Note that after we refactored our code, the training sets are not the same ones used in our results table. We expect the results to differ slightly but they should match the same trends seen in our results.

Overview of Codebase

Data

The data folder contains the raw data for numerous tasks. If you'd like to add your own task, add the data into that folder. The code for loading a dataset, as well as defining the prompt format for a task, is in utils/data_utils.py. We have loaders for a wide range of existing datasets. If you want to add a new dataset that is similar in structure to any of the existing datasets (e.g., its text classification) adding it should be very simple---you can use an existing dataset as a guide.

Utils

The utils folder contains all of the code for calling the underlying models, getting the probabilities of each label token, possibly applying contextual calibration, and more. If you just want to evaluate few-shot learning on your task, you should not need to modify this code. If you want to extend our code (e.g., modify how decisions are made) this is the place to look.

Run Scripts

The run scripts, e.g., run_classification.py, contain the code for randomly sampling the examples to use in the prompt, calling the models, the necessary evaluation metrics, and more. If you are adding a new task format (one that is not classification, QA) then you will need to write your own run script. Inside the run script, you can set the parameters for the experiments using the command line arguments.

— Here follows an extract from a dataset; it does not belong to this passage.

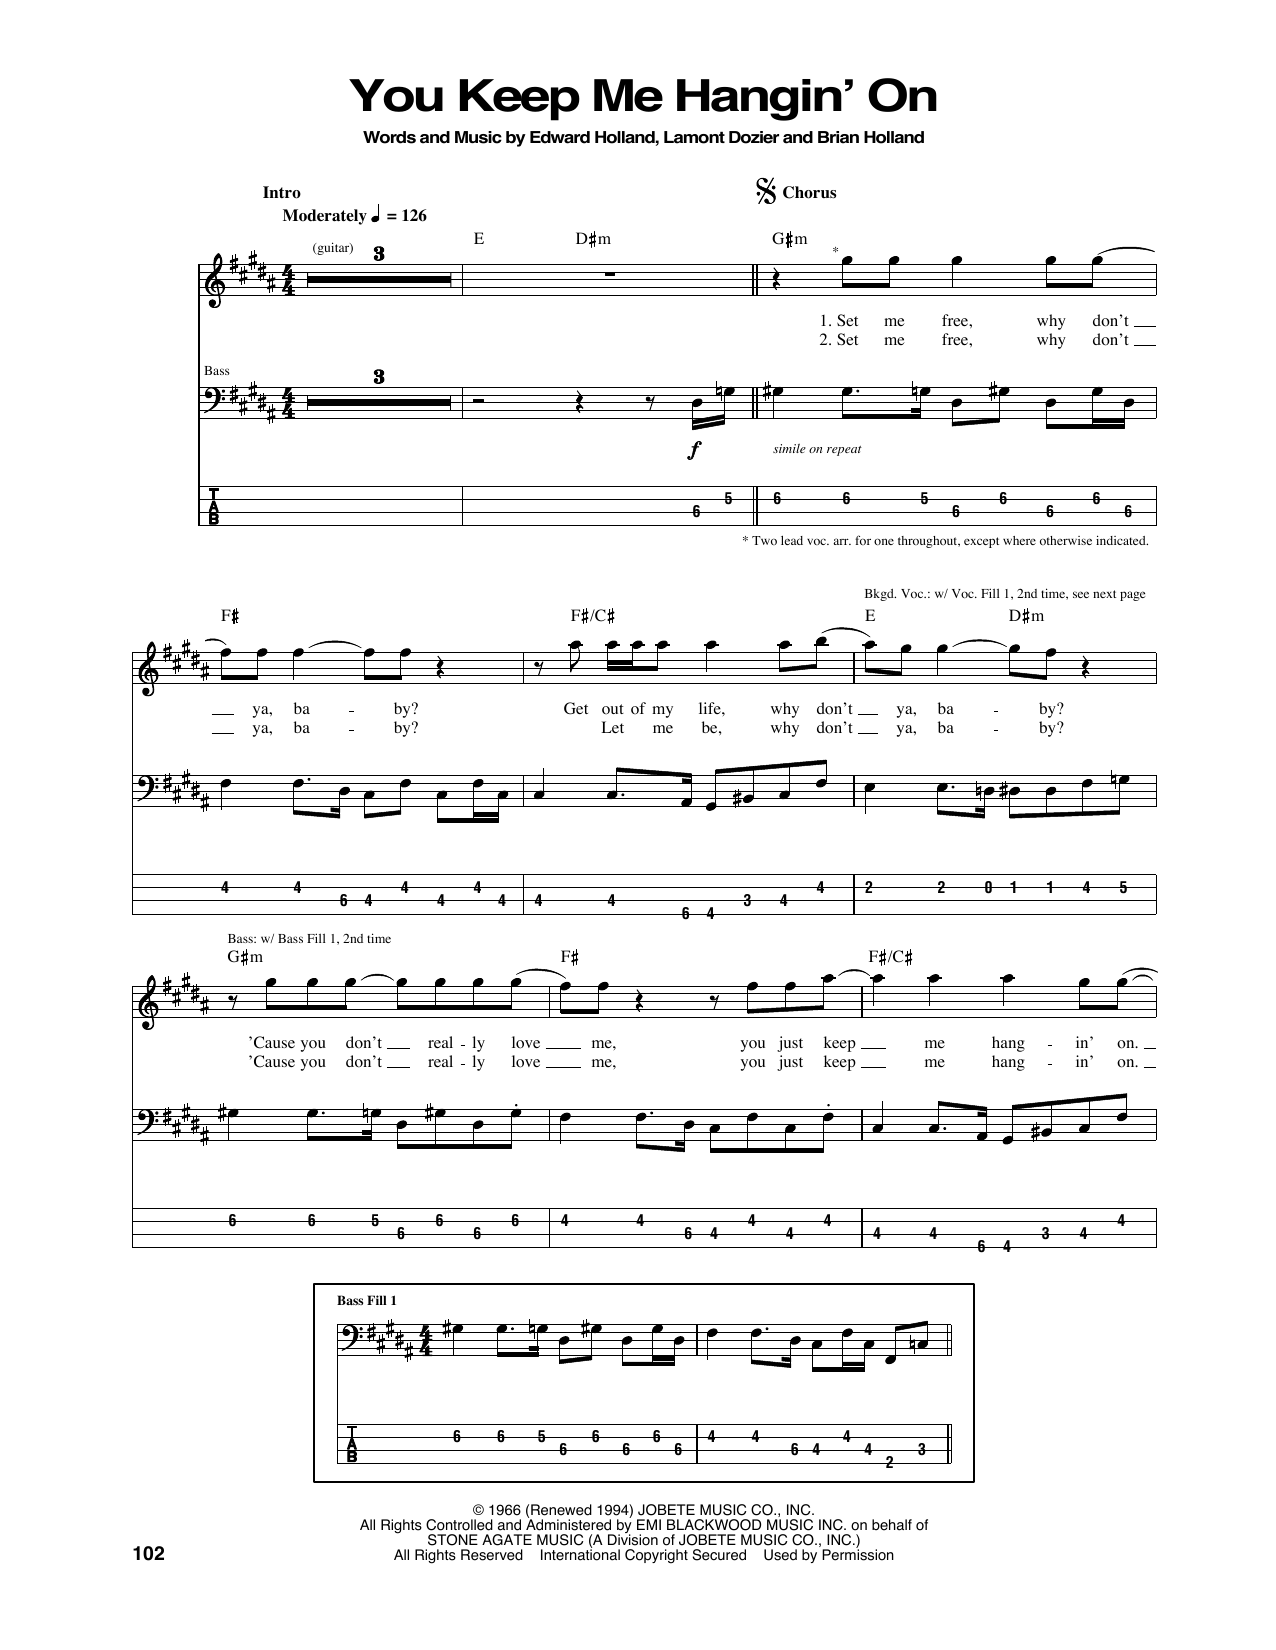 Download The Supremes You Keep Me Hangin' On Sheet Music
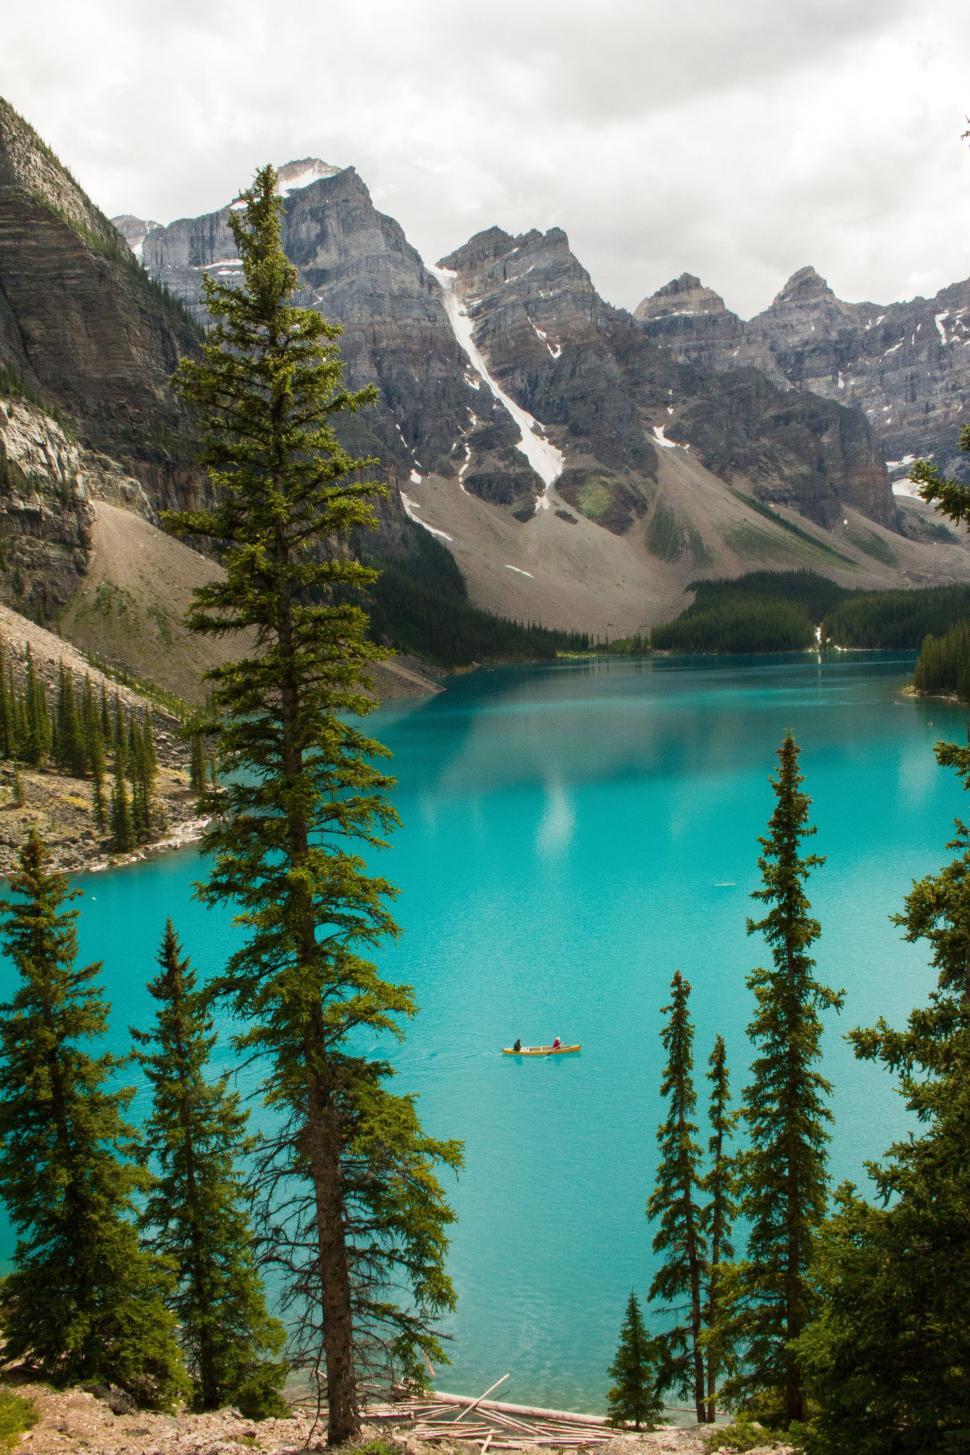 Free Image of Blue Lake Surrounded by Mountains and Trees

For all experiments, we save and pickle the outputs of the model. This makes doing a post-hoc analysis of the accuracy / plotting results / etc. very fast. You can also use the saved outputs to evaluate how the accuracy would have changed if a different decision making function was used (e.g., accuracy with and without contextual calibration).

References

Please consider citing our work if you found this code or our paper beneficial to your research.

@article{Zhao2021Calibrate,	
  Author = {Tony Z. Zhao and Eric Wallace and Shi Feng and Dan Klein and Sameer Singh},	
  Journal={arXiv preprint arXiv:2102.09690},	
  Year = {2021},	
  Title = {Calibrate Before Use: Improving Few-shot Performance of Language Models}	
}    	

Contributions and Contact

This code was developed by Tony Z. Zhao and Eric Wallace, contact available at [email protected] and [email protected].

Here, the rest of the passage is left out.